Mirror journalists belonging to the British Association of Journalists (BAJ) have voted to accept a 4% pay rise for members earning £60,000 a year and below and a flat £1,000 pay rise for those earning more.
The BAJ, the recognised union for Mirror staff, had pushed for a £1,500 pay rise for those earning more than £70,000, but this was rejected by publisher Reach at the beginning of June.
The union subsequently balloted members on whether to accept the £1,000 pay rise for those on higher salaries, to take industrial action short of a strike, or to ballot for a strike.
Some 55% of those who voted opted to accept the offer.
The £1,000 figure is an improvement on Reach’s original March offer, which would have seen staff on £60,000 and below receive a 4% pay rise and staff earning more receive no pay rise.
BAJ chapel leaders said in a note to members that they received legal advice that the offer “amounted to age discrimination”, which the company denied.
Following two further meetings, including one financial modelling session to determine how affordable the union’s counteroffers were, in May the company increased its offer to the £1,000 figure which members have voted to approve.
A final attempt by chapel leadership to increase the payout to £1,500 for those earning above £60,000 was rejected by Reach at the end of June, after BAJ members had already accepted the other offer.
The chapel’s chairs said: “Every meeting and interaction throughout this process involved numerous emails and calls.
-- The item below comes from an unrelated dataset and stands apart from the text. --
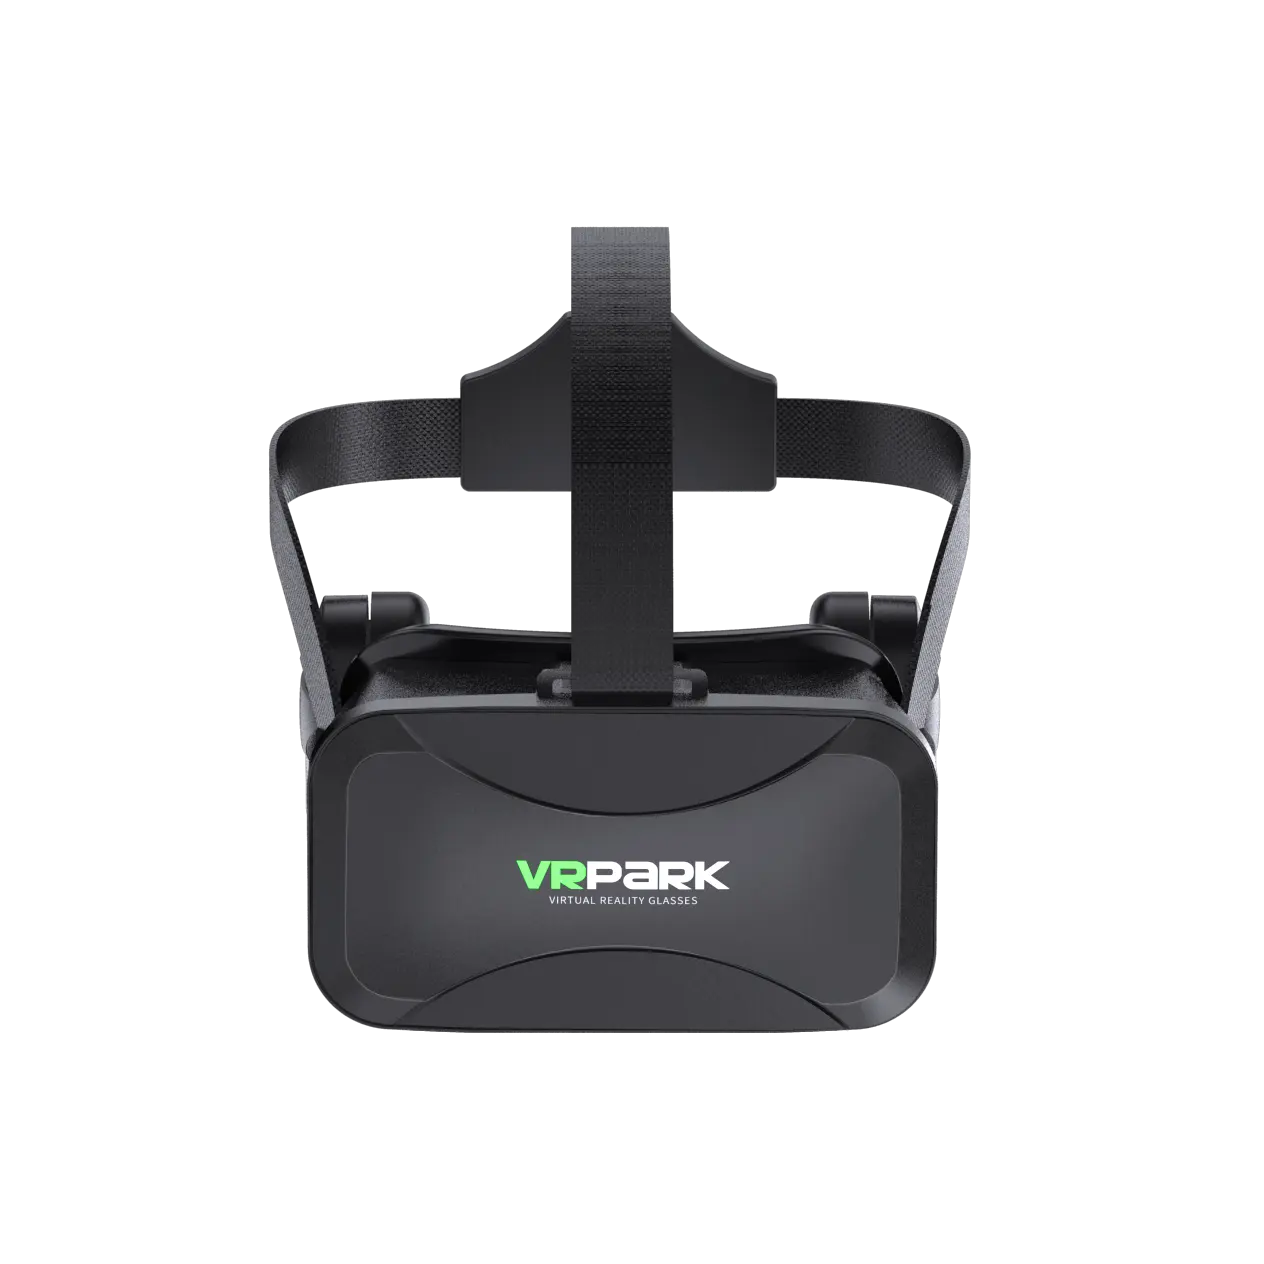 Vrpark J30 Vr Bril Virtual Reality 3D Bril Helm Met Hifi Stereo Headset Voor 4.7-6.7 Inch Smart Phone

Therefore, with a heavy heart and great reluctance, our mandate from BAJ members is now to report your acceptance to management.”
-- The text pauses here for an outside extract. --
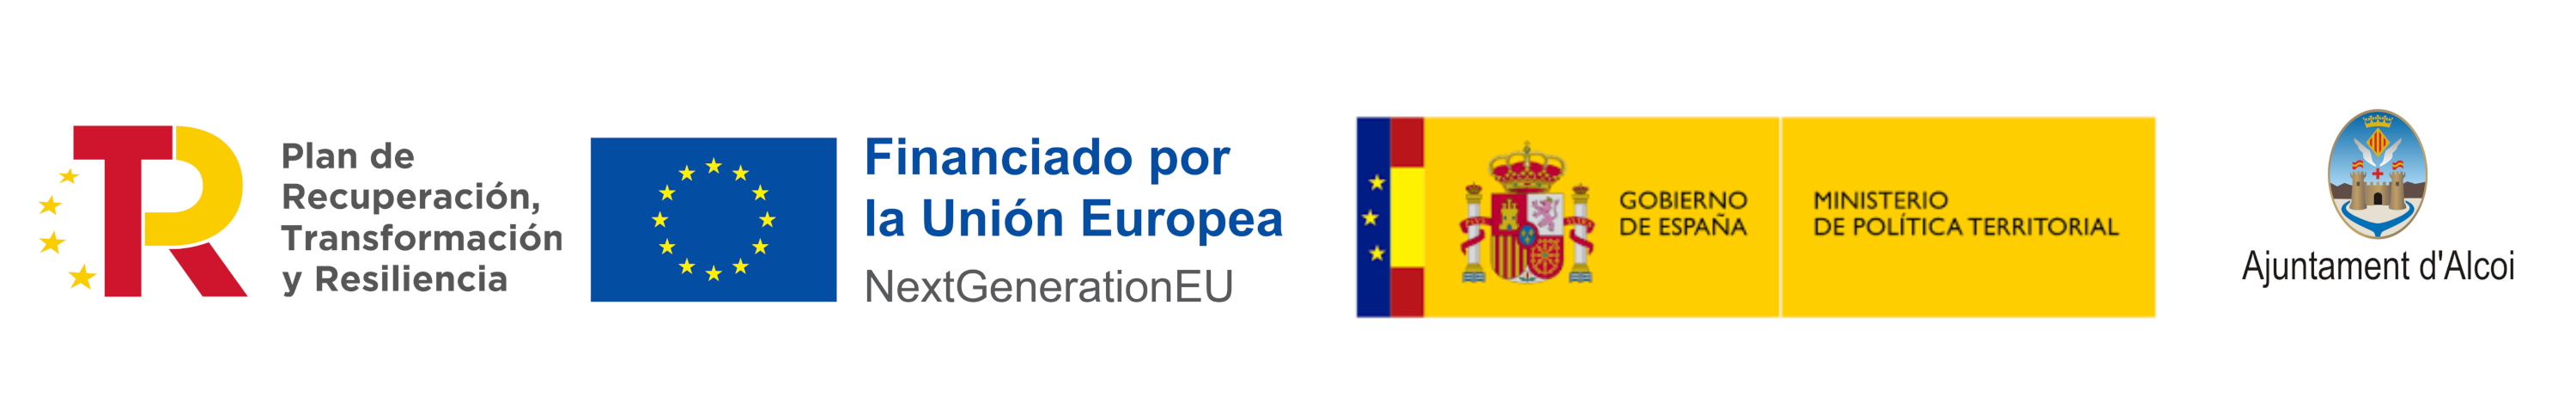 Logotips Pla de Recuperació, Transformació i Resiliència; Next Generation UE; Ministeri de Política Territorial, Govern d'Espanya; Ajuntament d'Alcoi

A Reach spokesperson declined to comment.
What about Reach staff unionised through the NUJ?
Last year a majority of members at the National Union of Journalists (NUJ), which also represents numerous Reach employees including some Mirror journalists, voted to reject a 3% pay rise, leading to a strike that saw more than 1,000 journalists out on picket lines.
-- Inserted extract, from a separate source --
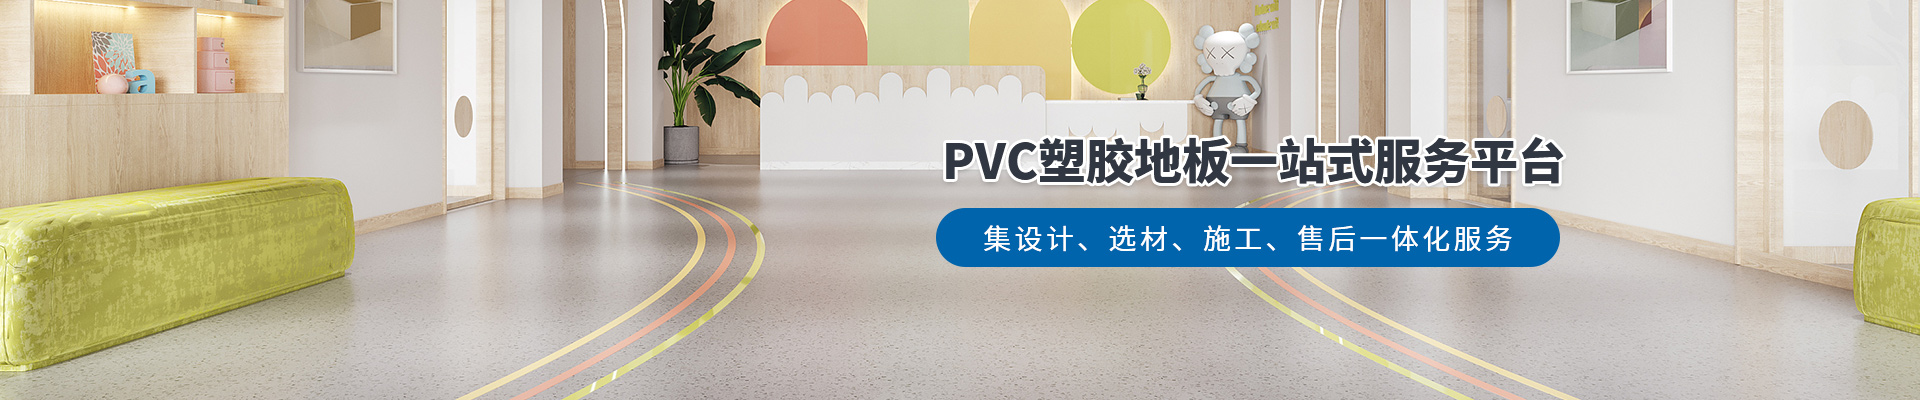 鳳城橡塑，PVC塑膠地板一站式服務平臺

A second strike was averted in September when 55% of NUJ members at the company voted to accept a pay rise “ranging from 14% to 44% across the specified roles and minimum rates”, according to the union.
When this year’s 4% pay terms were first proposed in March, NUJ reps at Reach unanimously passed a vote of no confidence in senior management.
A spokesperson for the NUJ told Press Gazette: “The NUJ is still engaged at this time with the company over pay for 2023.”